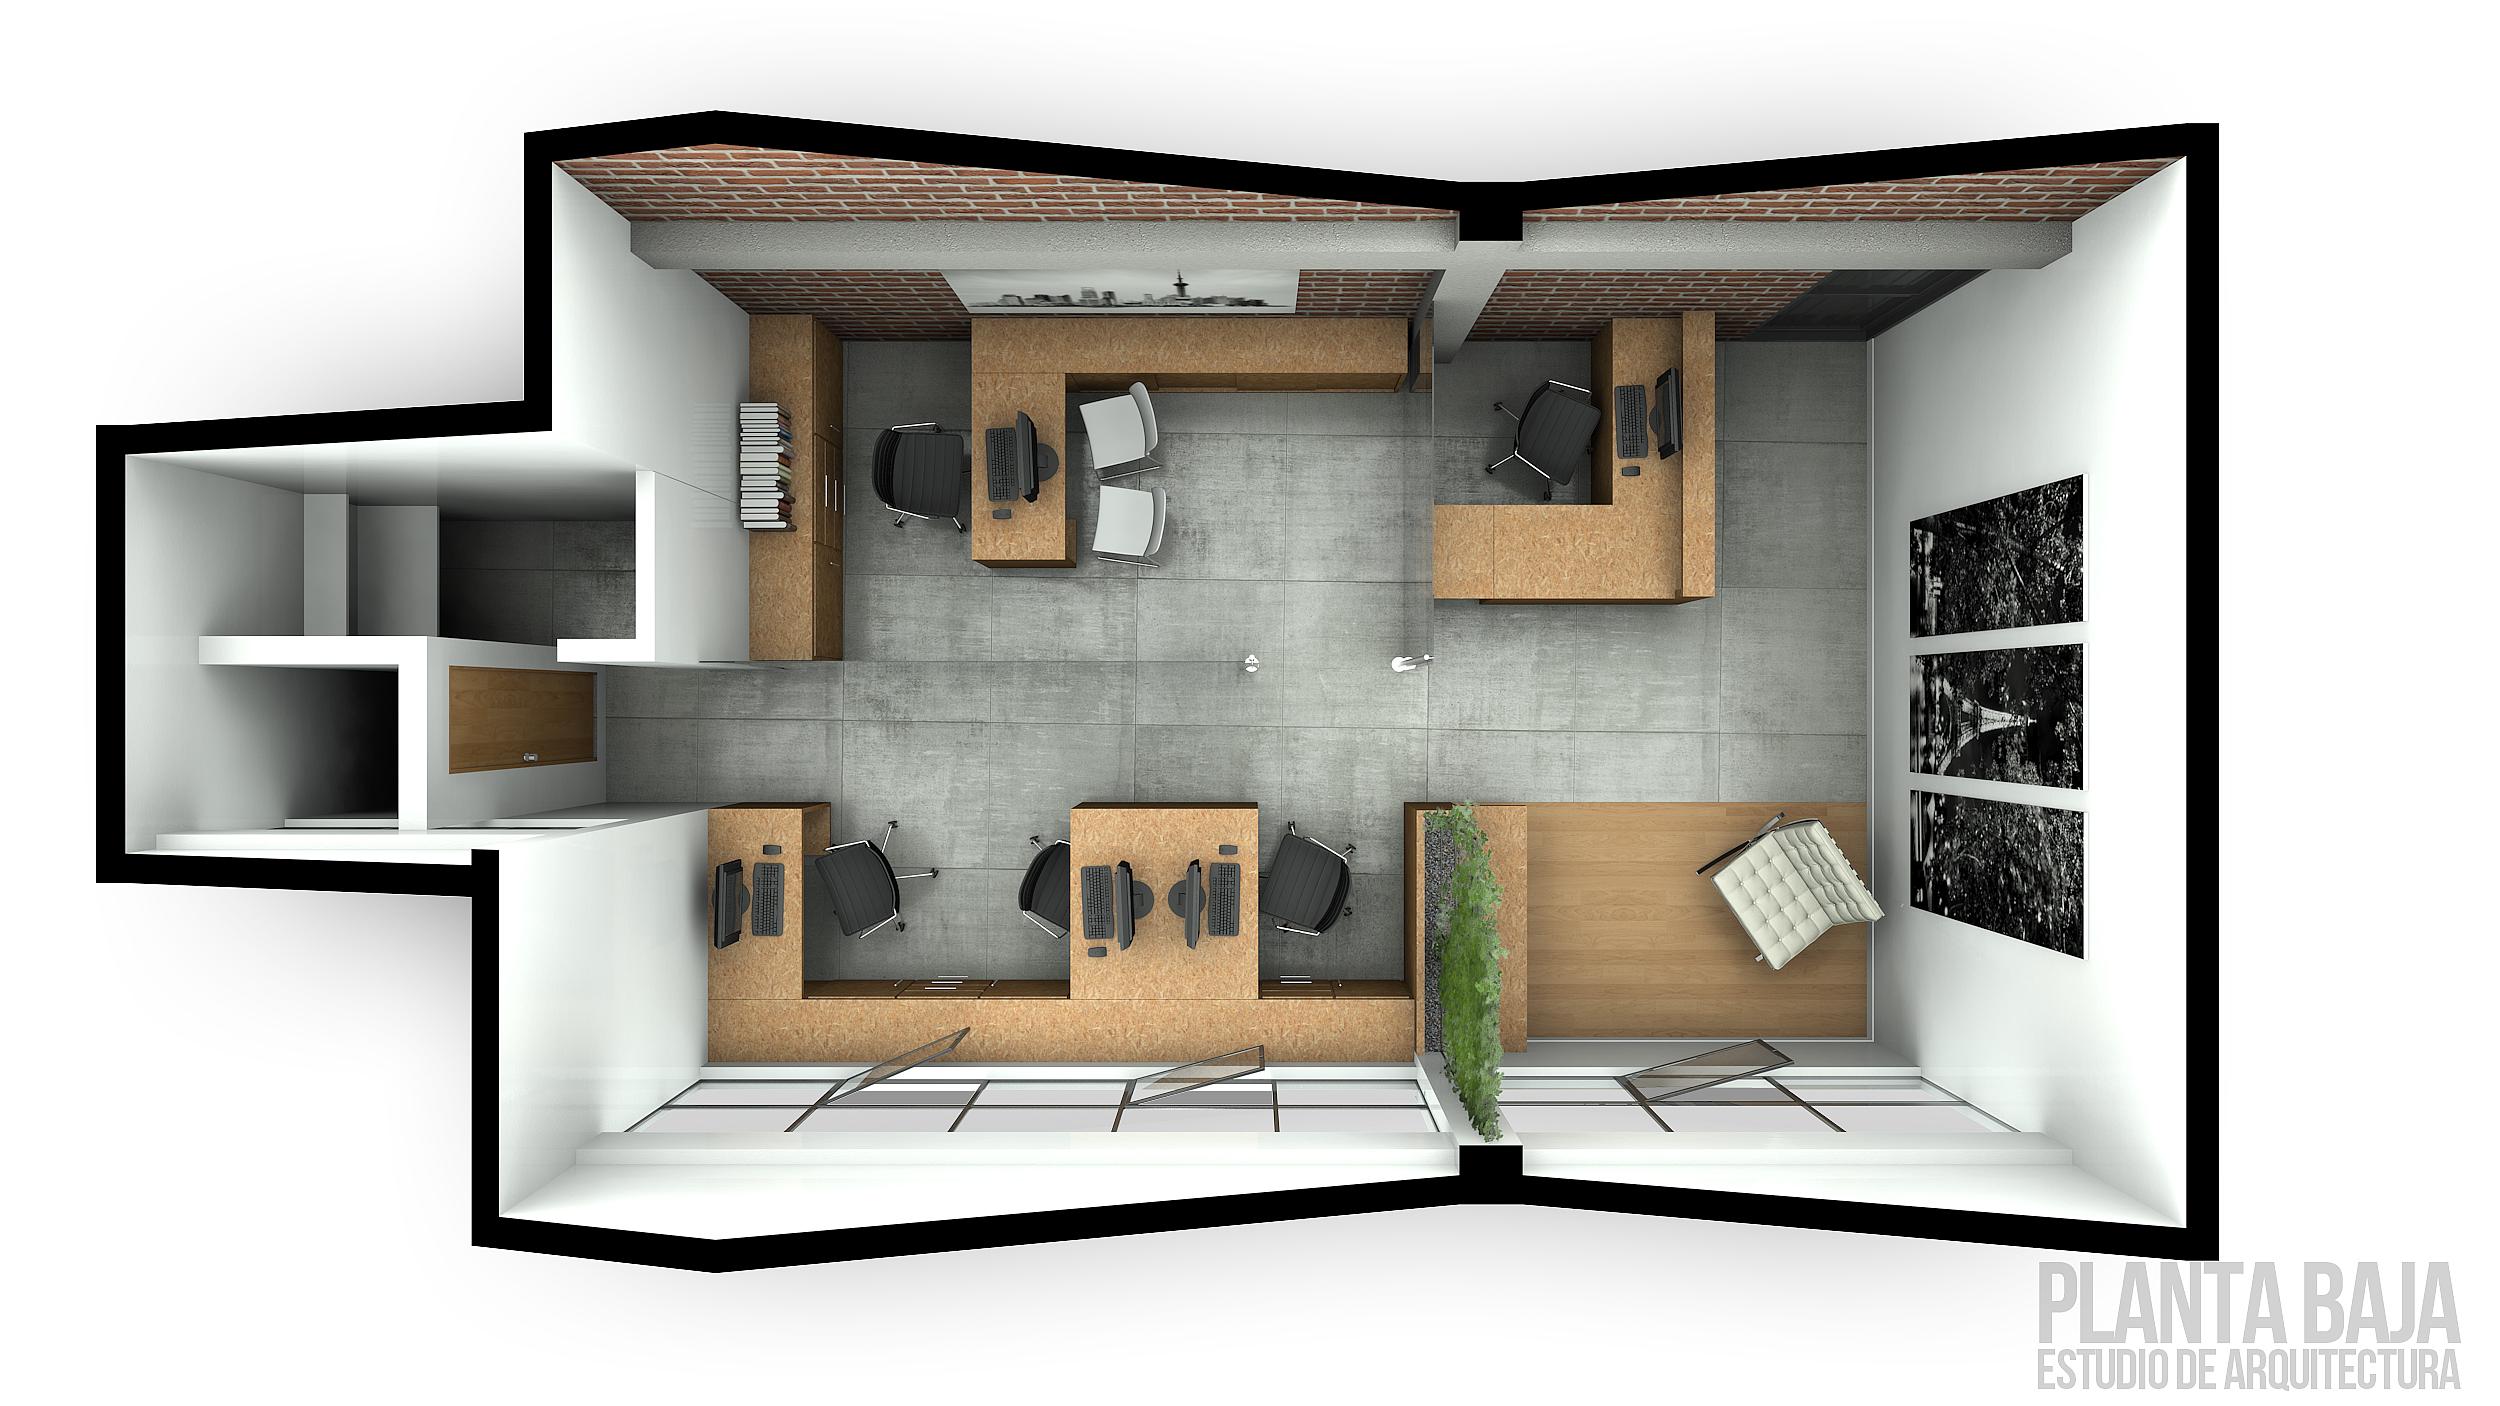 5 ideas para el dise o de espacios peque os for Diseno de espacios pequenos
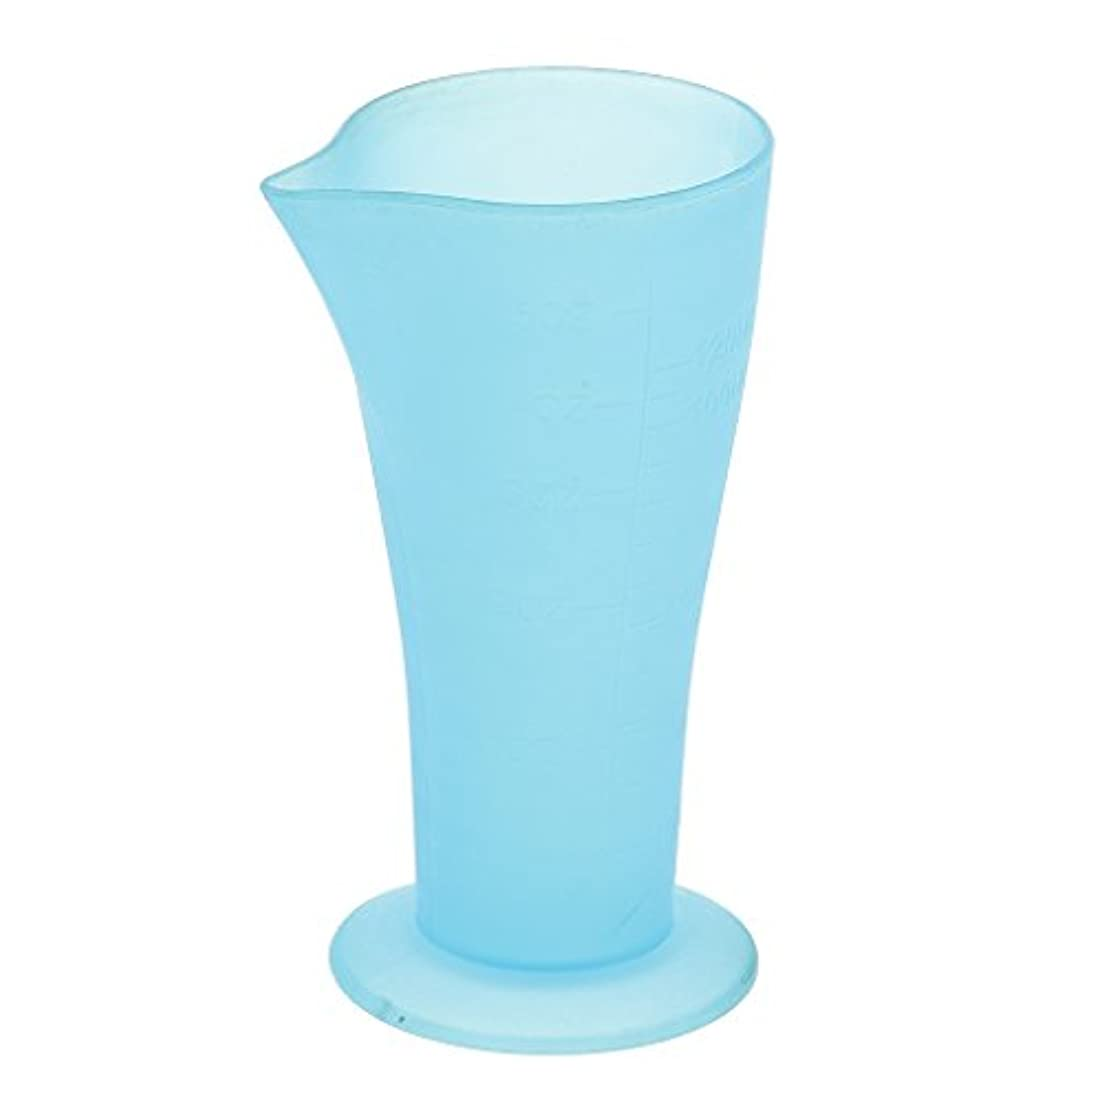 非常に怒っていますアラブ人口径Toygogo 再利用可能な耐久性のある120mL 5oZクリアブループラスチック製の計量用ビーカーカップ調理用ベーカリーキッチンラボサロン
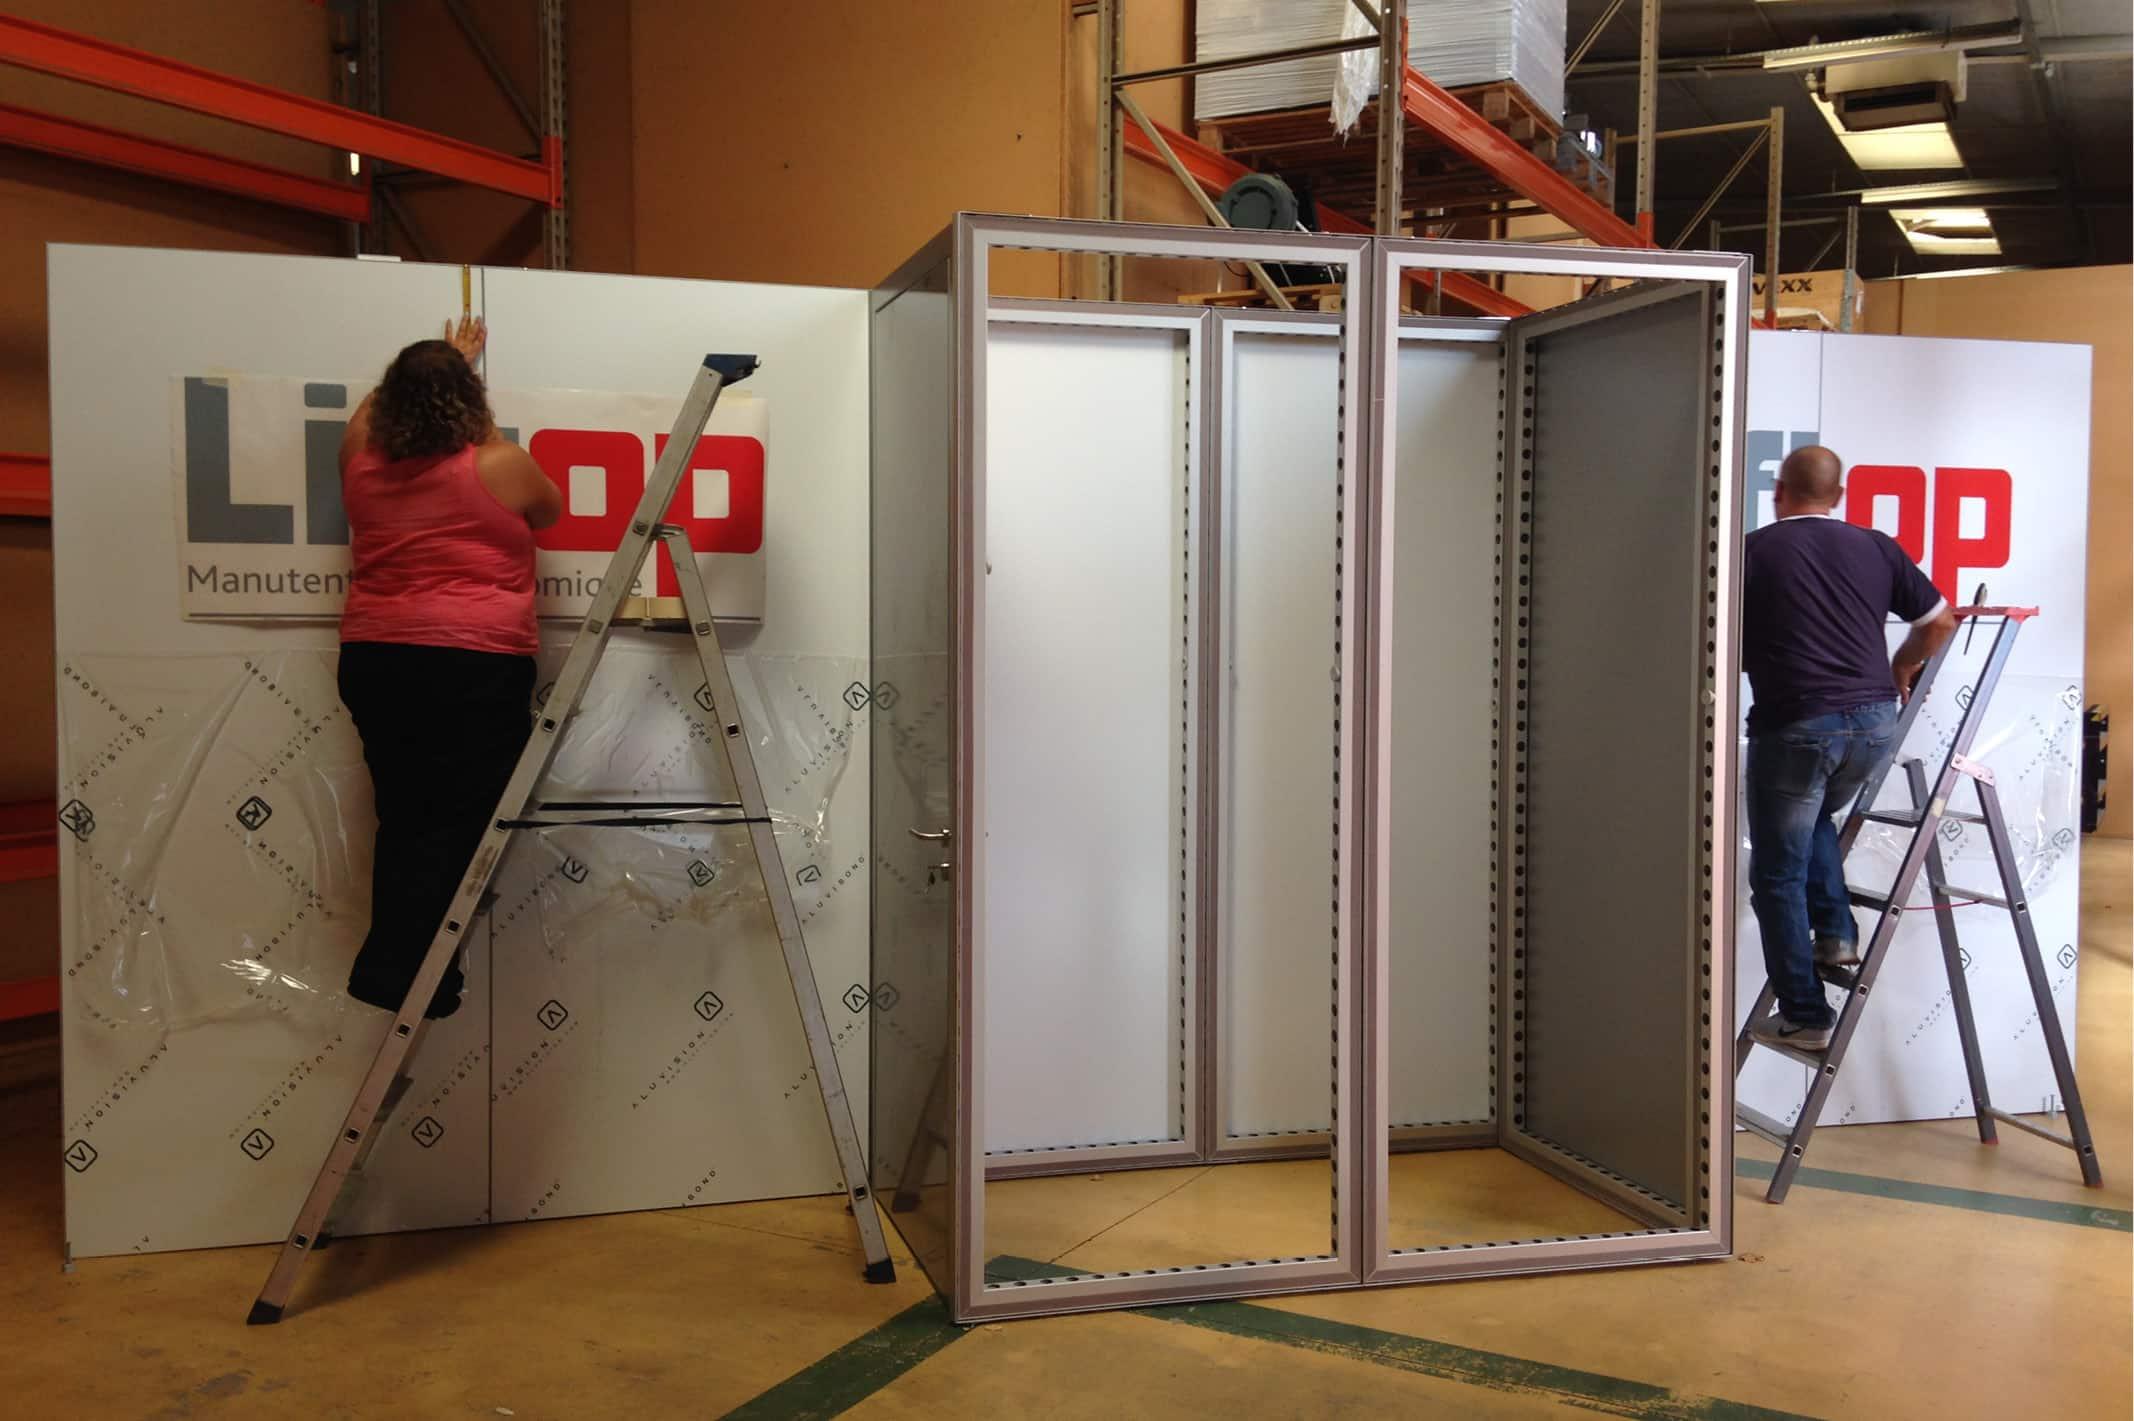 Bicub est présent lors de l'installation de votre stand afin de s'assurer de sa conformité.

### TASK INSTRUCTIONS
The reply should hold every line of the material above, unchanged, and no pictures.

### ANSWER TO THIS TASK
 5 ideas para el dise o de espacios peque os for Diseno de espacios pequenos
 非常に怒っていますアラブ人口径Toygogo 再利用可能な耐久性のある120mL 5oZクリアブループラスチック製の計量用ビーカーカップ調理用ベーカリーキッチンラボサロン
 Bicub est présent lors de l'installation de votre stand afin de s'assurer de sa conformité.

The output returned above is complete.